Saturday, November 15, 2014

Lucky Bones By Peter Meinke

Peter Meinke

Lucky Bones

By Peter Meinke

University of Pittsburgh Press

Pittsburgh, PA

ISBN 13: 978-0-8229-6310-3

82 Pages


Review by Dennis Daly

Passion trumps this frivolous world of detail—Belgian chocolates, Coppertone lotion, dry martinis, bright ribbons, doubles tennis, and, heaven help us, sonnets. Peter Meinke in his new collection of poems, Lucky Bones, quantifies the passionate nature of interior intensity and hell-bent fervor by poking fun at himself and humorously (or not) eviscerating a chosen set of targets inhabiting this vale of tears that we call life. Many of his poetic commentaries Meinke delivers in formalist verse with a cunning dry wit that both elucidates and cautions.
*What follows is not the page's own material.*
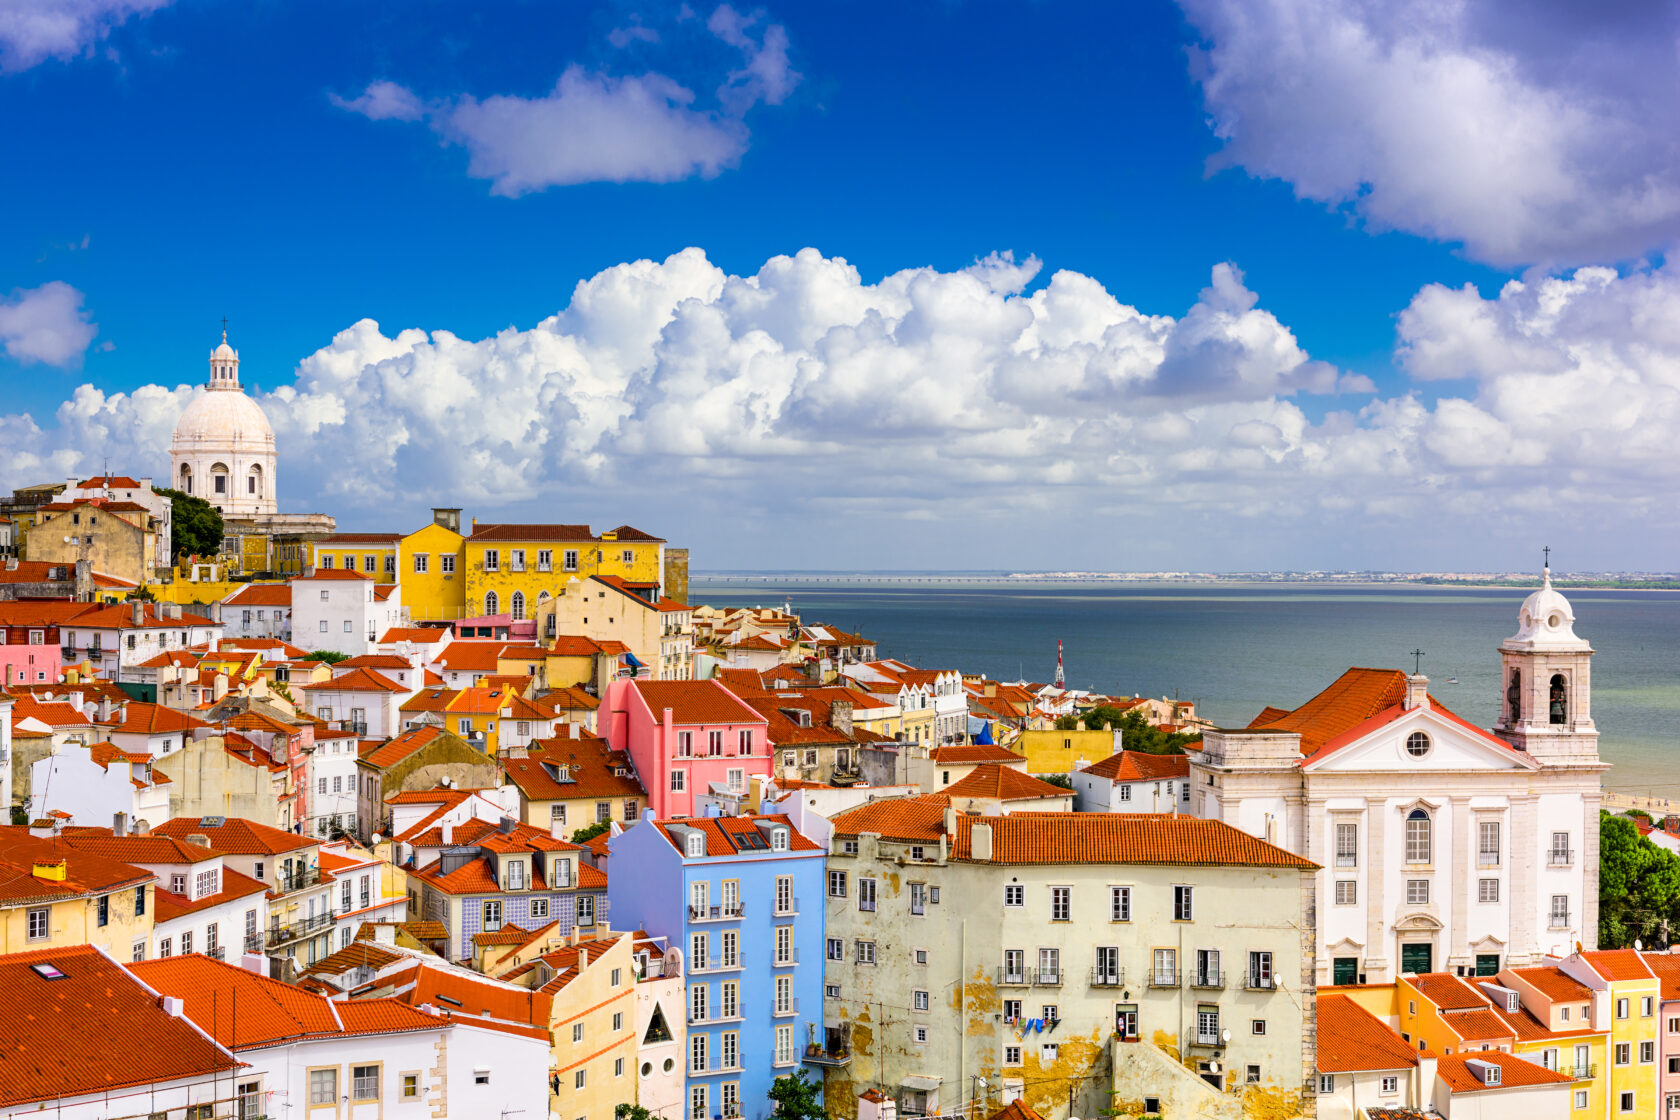 A view of Lisbon, Portugal (an Atlantis site).

The poet begins ominously with his first sectional poem entitled Drive-By Shootings. Here he sets up his backdrop and shades it with bitters. Meinke says,

        …People pedal on bikes drop

  Some money in the hole stick in their arms get a shot and wobble away

     Sometimes getting hit by cars the same needle all afternoon

             That’s the kind of world we live in

Civilization masks bloody-mindedness and boiling lust. Meinke’s piece Cassandra in the Library alludes to ancient Troy while the poet simultaneously conjures up modern academia and contemporary office life. Here’s the unpleasant heart of the poem,

            Poetry no wisdom withstands the test

               of blood: when mind and body clash

         the mind’s the one whose opposition’s rash

                        Killing liquid work’s dust

         Our craving for passion quenched by a crimson lust

           What can an office offer but a cursed

                 routine an inane trivial bore?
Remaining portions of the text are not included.